Ribs on the Weber Smokey Mountain

Pork Spareribs on the Weber Smokey Mountain smoker

Pork Spareribs on the Weber Smokey Mountain

I’ve been barbecuing on my Weber Smokey Mountain for a few years now. It’s a very easy smoker to use, and turns out some excellent barbecue. Over the years, I’ve developed a system that allows me to consistently produce mouth-watering ribs on the WSM.

I usually get a hankering for some barbecue every couple of months. Sometimes, it coincides with a holiday weekend or a “Big Game” weekend. Sometimes, other people just ask me to smoke up a batch of ribs for a party. Sometimes, it’s “just because”.

Whenever I smoke a batch of ribs, I don’t just do one or two slabs. My Weber Smokey Mountain cooker has a large enough capacity that I can smoke up to 10 slabs of ribs at a time. Why waste space or smoke? It takes just as long to cook 7 slabs as it does to cook 2.

Barbecue pork spareribs

My #1 tip for good ribs is to start with good meat. Always go for meat labeled “Natural” or “No Artificial Ingredients”. Avoid anything that says “Enhanced”. Bad meat will ruin your barbecue.

Another important tip that I cannot emphasize enough is, “NEVER BOIL”. You’re not making stock, you’re making barbecue. All you need for tender ribs is good meat, low heat, and time.

Watch all the tips in this video I made on YouTube

As far as seasonings go, I make a dry rub consisting of equal amounts of kosher salt, white sugar, fresh ground black pepper, onion powder and garlic powder, plus a tiny bit of celery salt. Rub that on the ribs and let that marinate at least an hour before smoking. Don’t let them marinate too long, though, or you’ll end up with hammy tasting meat.
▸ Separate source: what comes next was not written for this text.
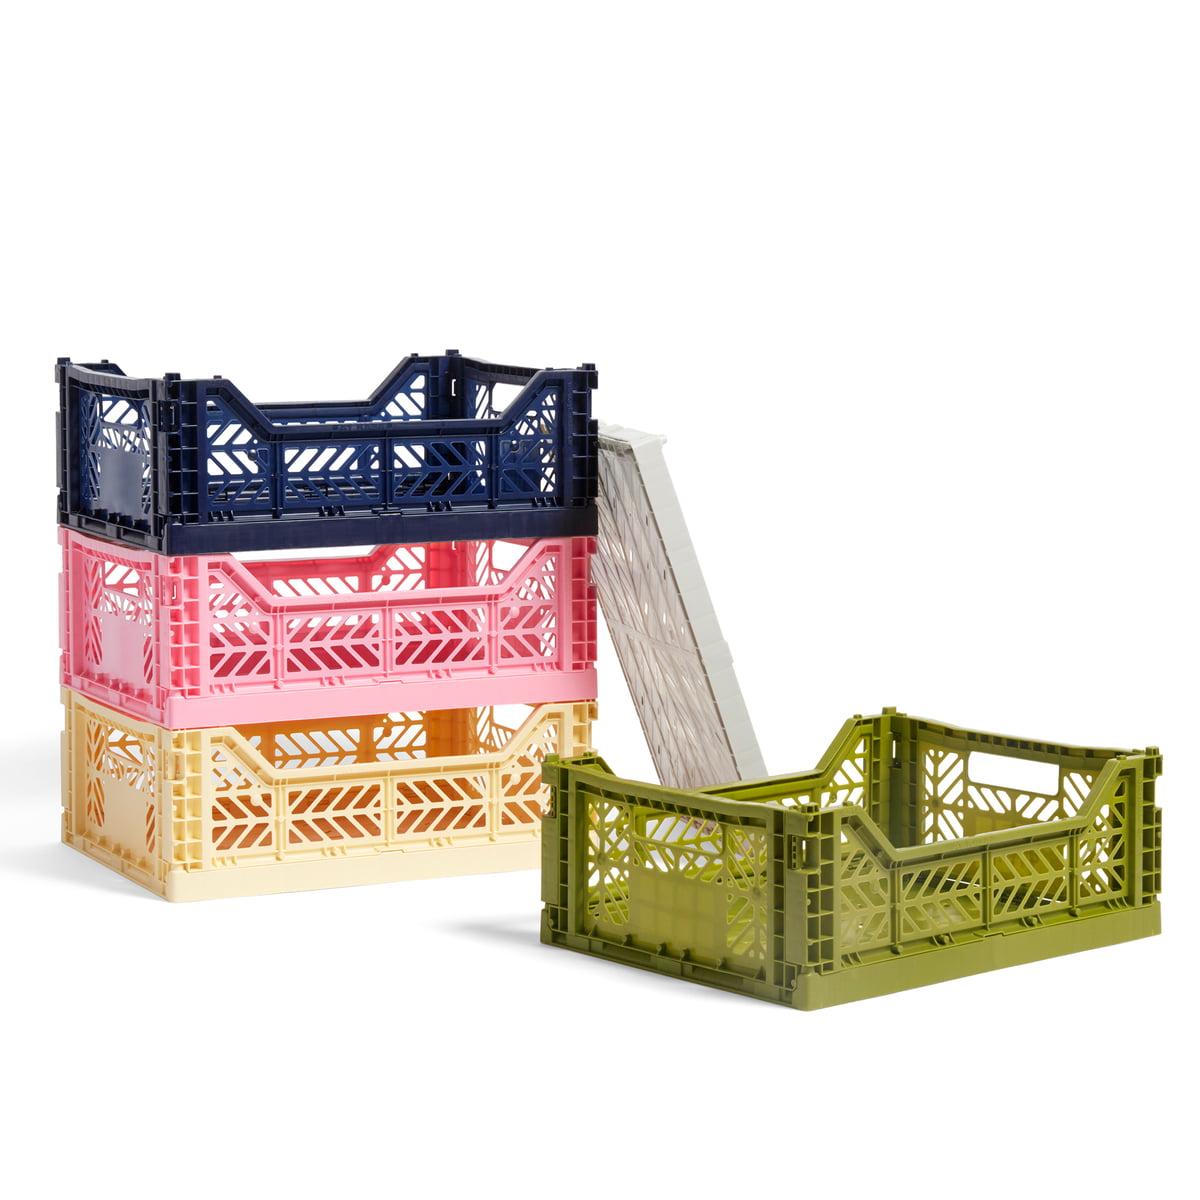 Full Size of Kisten Küche Colour Klapp Kiste Von Hay Connox Einlegeböden Deckenleuchte Grillplatte Vinylboden Schubladeneinsatz Bodenfliesen Günstig Mit Elektrogeräten Wohnzimmer Kisten Küche

Like the dry rub, smoke itself is a seasoning. I start off by using lump charcoal instead of the more commonly found briquettes like Kingsford. I find that briquettes give an off smell when burning that I’d rather not have on my meat (your mileage may vary). I also use smoke wood like pecan or cherry to add a little “sweetness” to the smoke flavor.

I will usually shoot for an average smoker temperature of 225 and let it go for 3.5 to 4 hours. After that I will wrap it in foil and put it in a cooler if I’m delivering the ribs in a few hours or put them in the freezer for later. Of course, for quality assurance purposes, I’ll have to eat a slab of ribs right off the cooker!